Density, distribution function, quantile function and random generation for the half-t distribution.

Usage

dht(x, nu, sigma = 1, log = FALSE)
pht(q, nu, sigma = 1, lower.tail = TRUE, log.p = FALSE)
qht(p, nu, sigma = 1, lower.tail = TRUE, log.p = FALSE)
rht(n, nu, sigma = 1)

Arguments

x, q: vector of quantiles.
nu, sigma: positive valued degrees of freedom and scale parameters.
log, log.p: logical; if TRUE, probabilities p are given as log(p).
lower.tail: logical; if TRUE (default), probabilities are \(P[X \le x]\) otherwise, \(P[X > x]\).
p: vector of probabilities.
n: number of observations. If length(n) > 1, the length is taken to be the number required.

Details

If \(X\) follows t distribution parametrized by degrees of freedom \(\nu\) and scale \(\sigma\), then \(|X|\) follows half-t distribution parametrized by degrees of freedom \(\nu\) and scale \(\sigma\).

References

Gelman, A. (2006).

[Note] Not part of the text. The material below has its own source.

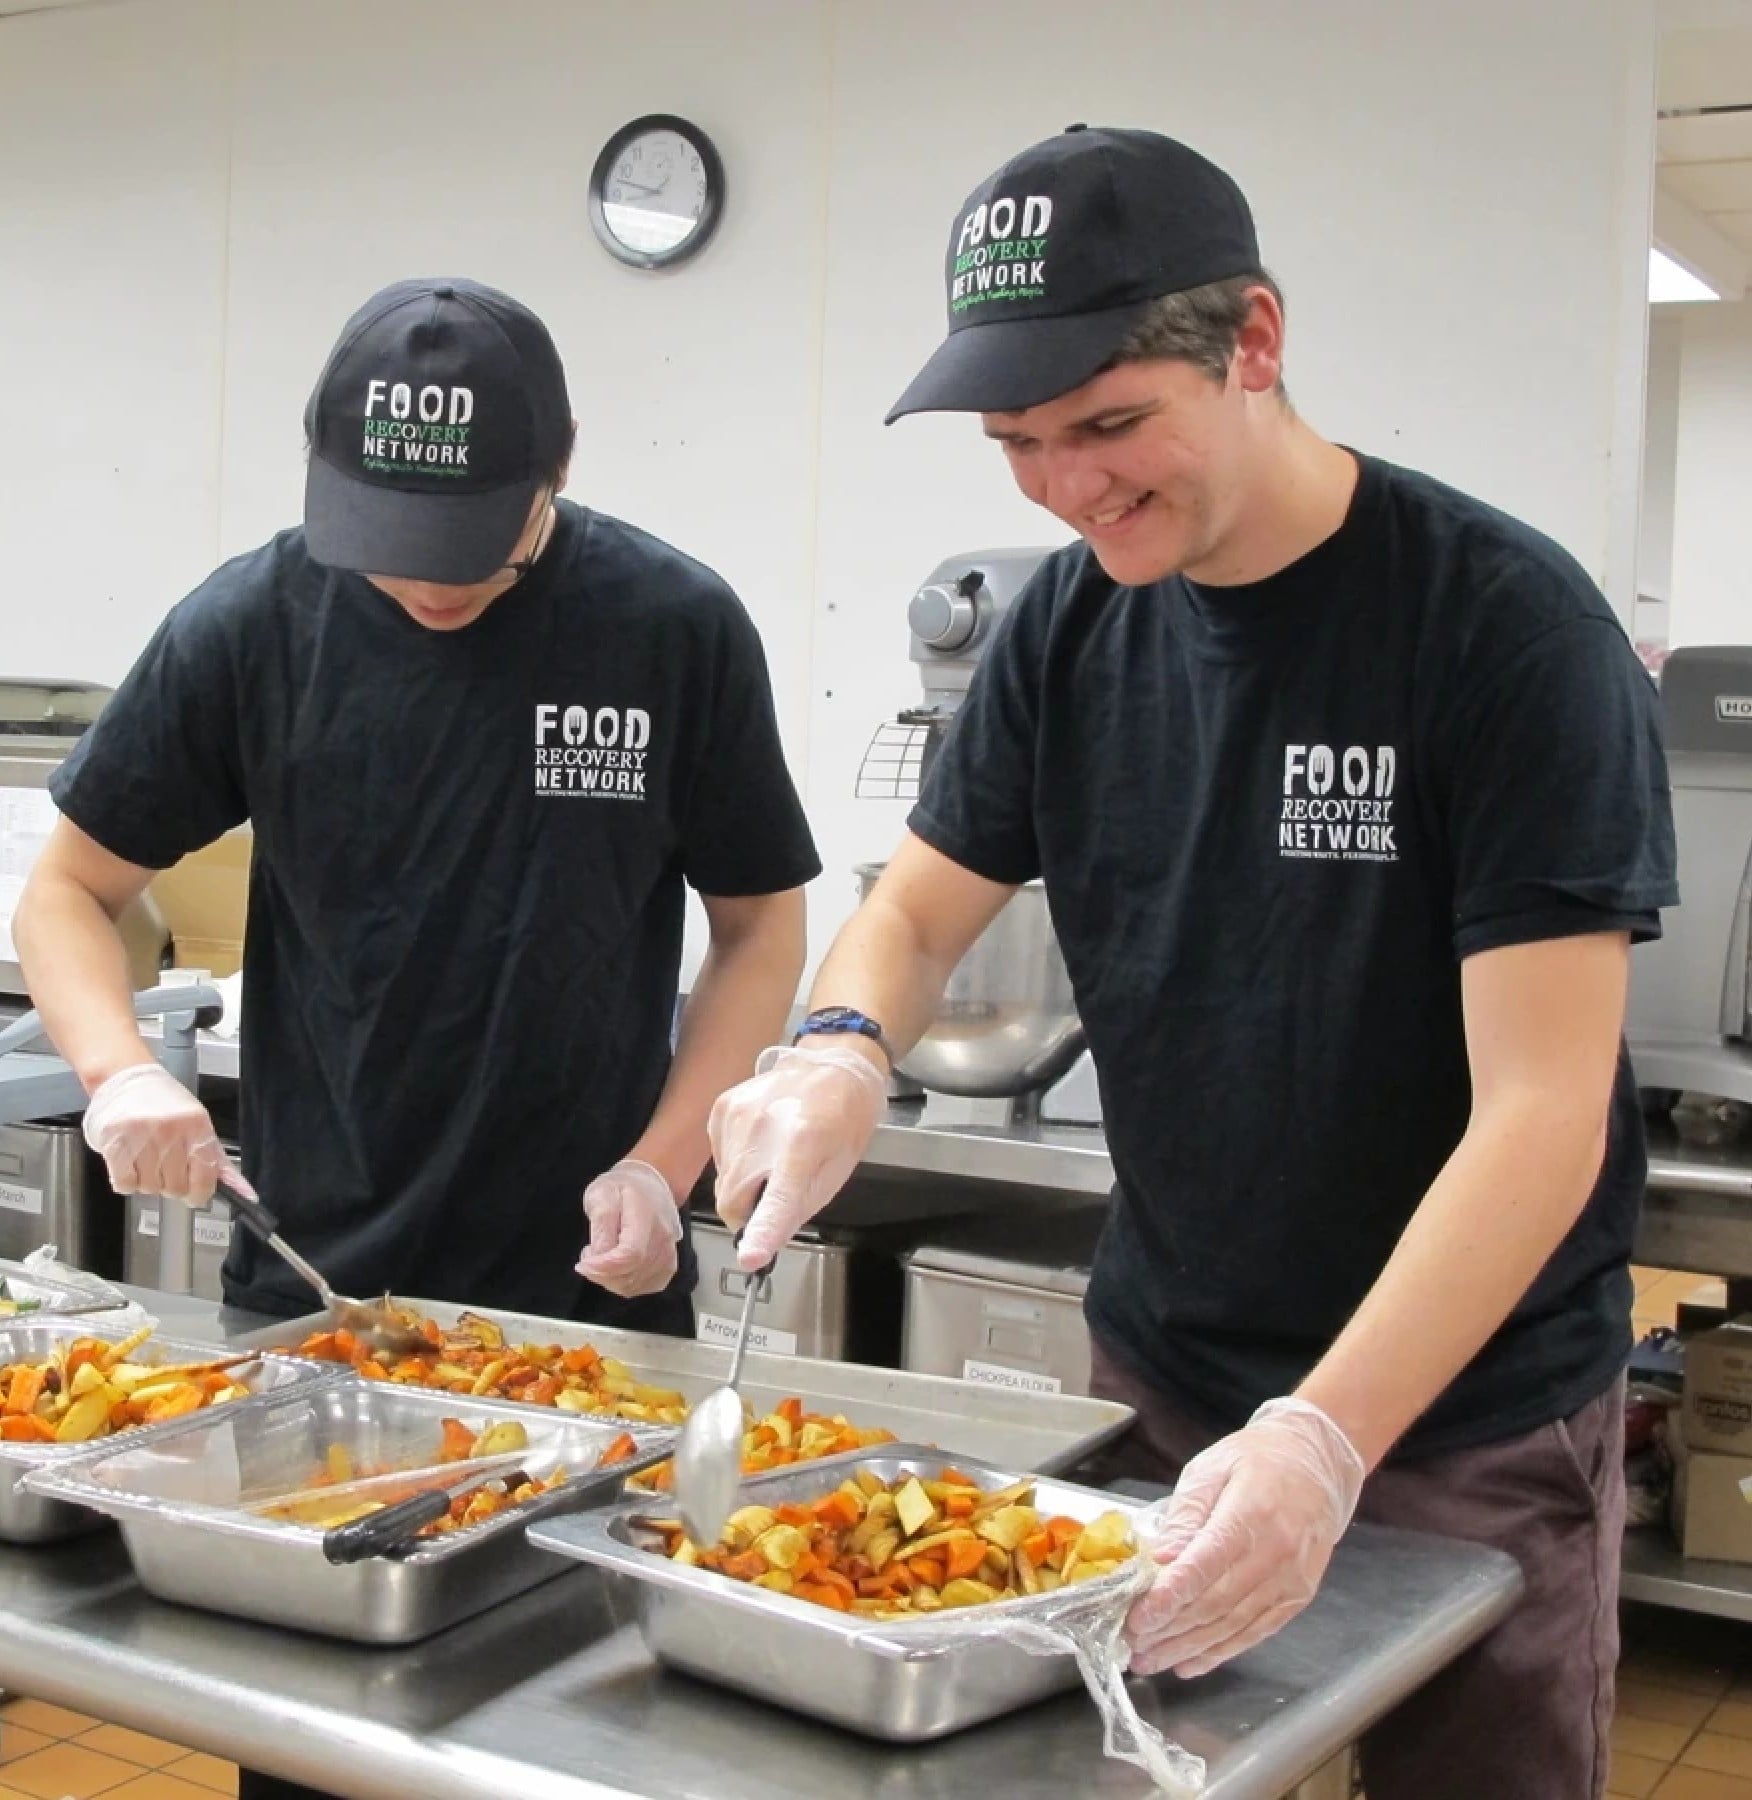 Food Recovery Network - Largest student-led movement fighting food waste and hunger in America

Prior distributions for variance parameters in hierarchical models (comment on article by Browne and Draper). Bayesian analysis, 1(3), 515-534.

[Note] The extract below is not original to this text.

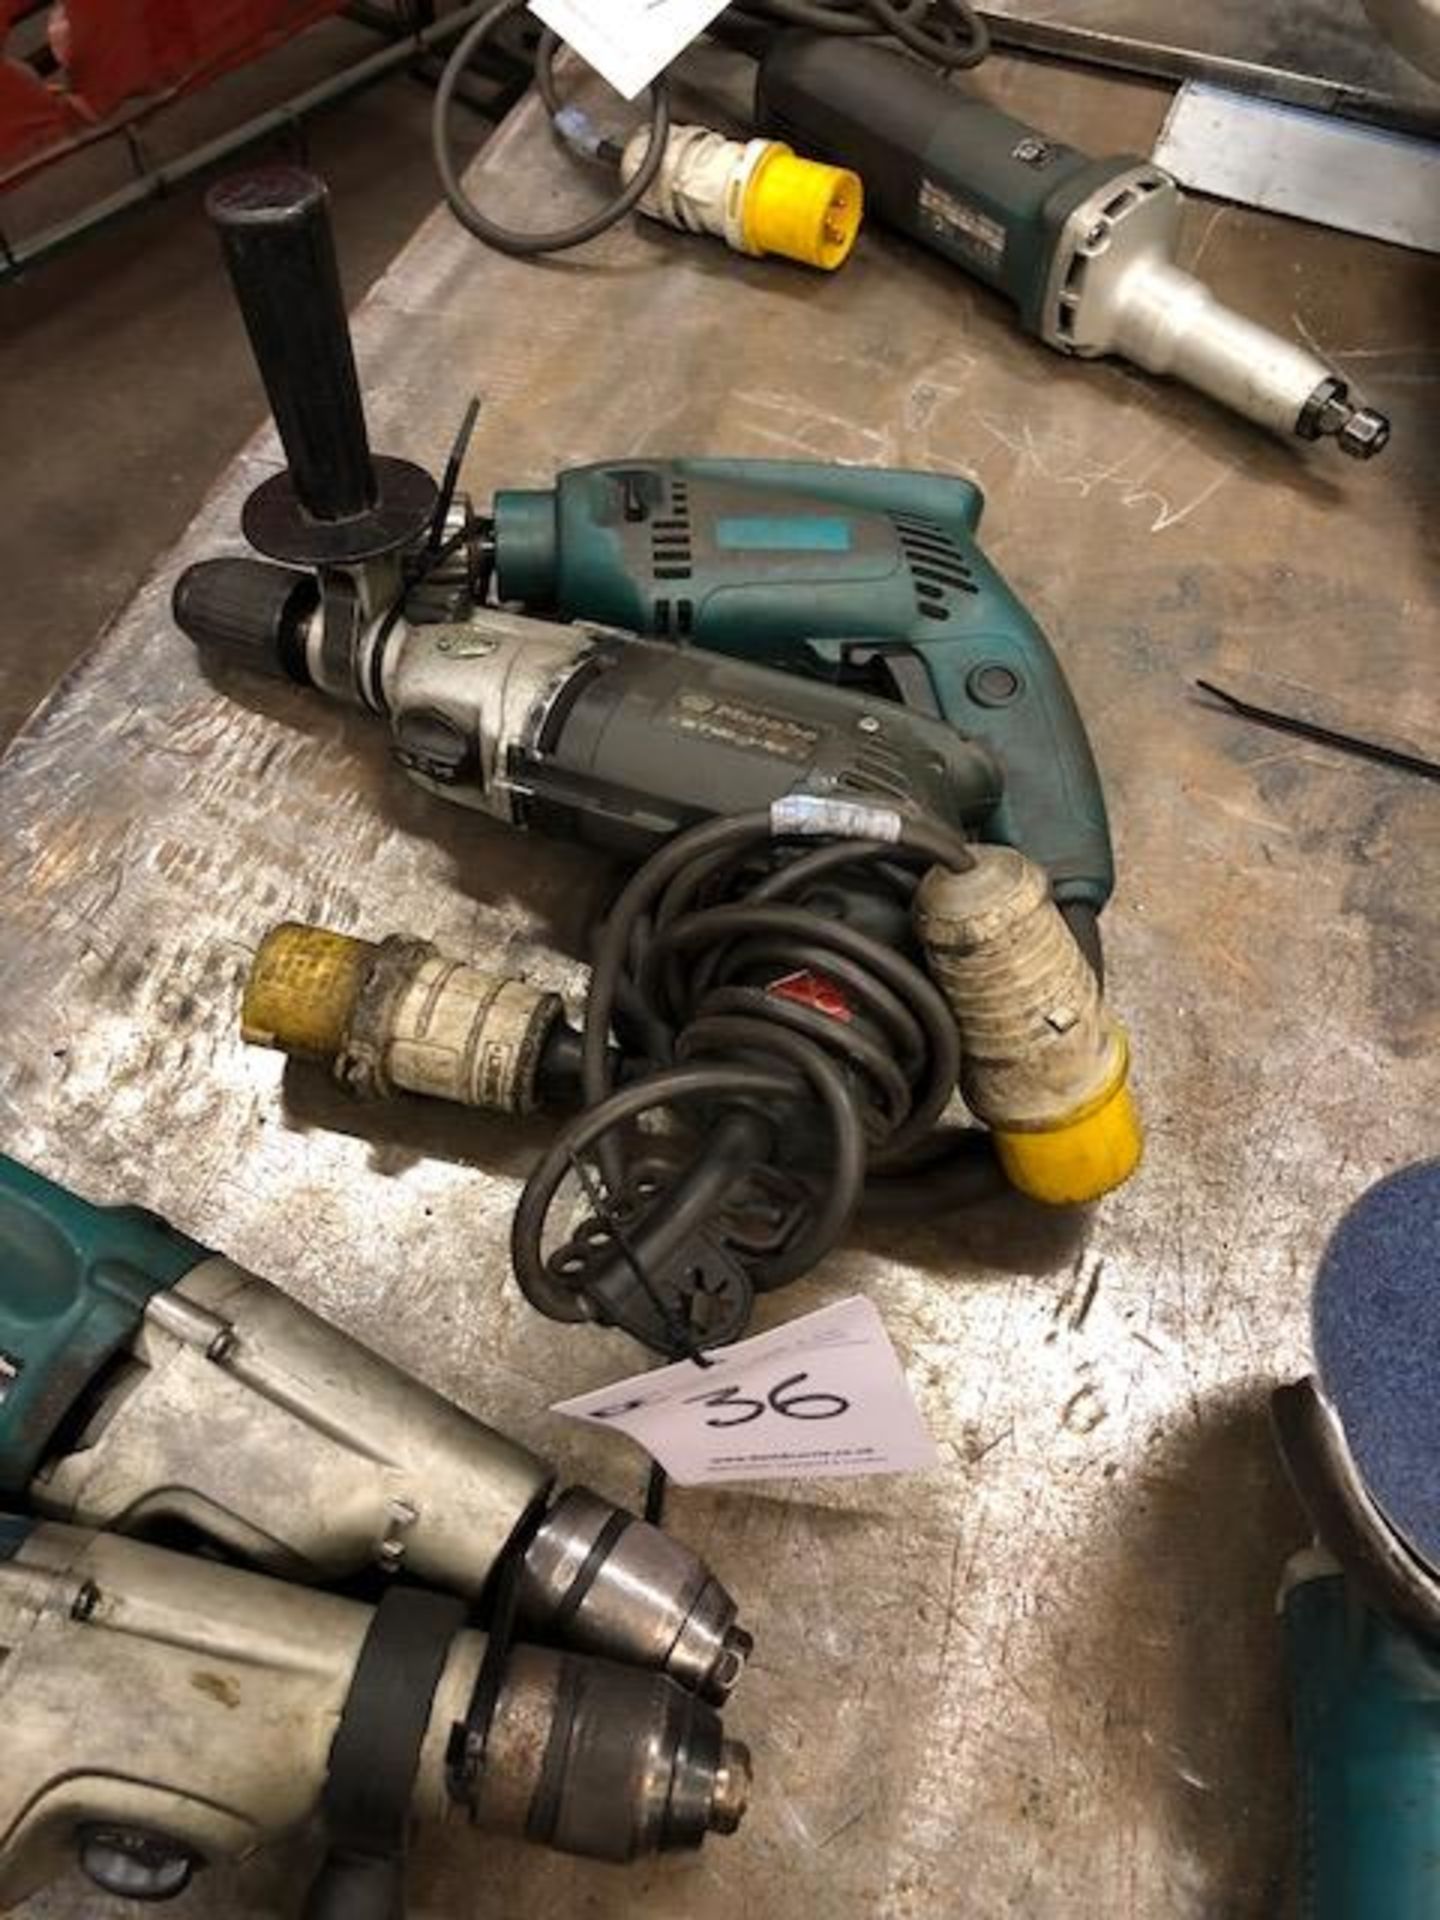 METABO SBE 680 impact drill and similar drill of unknown manufacture

Jacob, E. and Jayakumar, K. (2012). On Half-Cauchy Distribution and Process. International Journal of Statistika and Mathematika, 3(2), 77-81.

Examples

Run this code


x <- rht(1e5, 2, 2)
hist(x, 500, freq = FALSE, xlim = c(0, 100))
curve(dht(x, 2, 2), 0, 100, col = "red", add = TRUE)
hist(pht(x, 2, 2))
plot(ecdf(x), xlim = c(0, 100))
curve(pht(x, 2, 2), 0, 100, col = "red", lwd = 2, add = TRUE)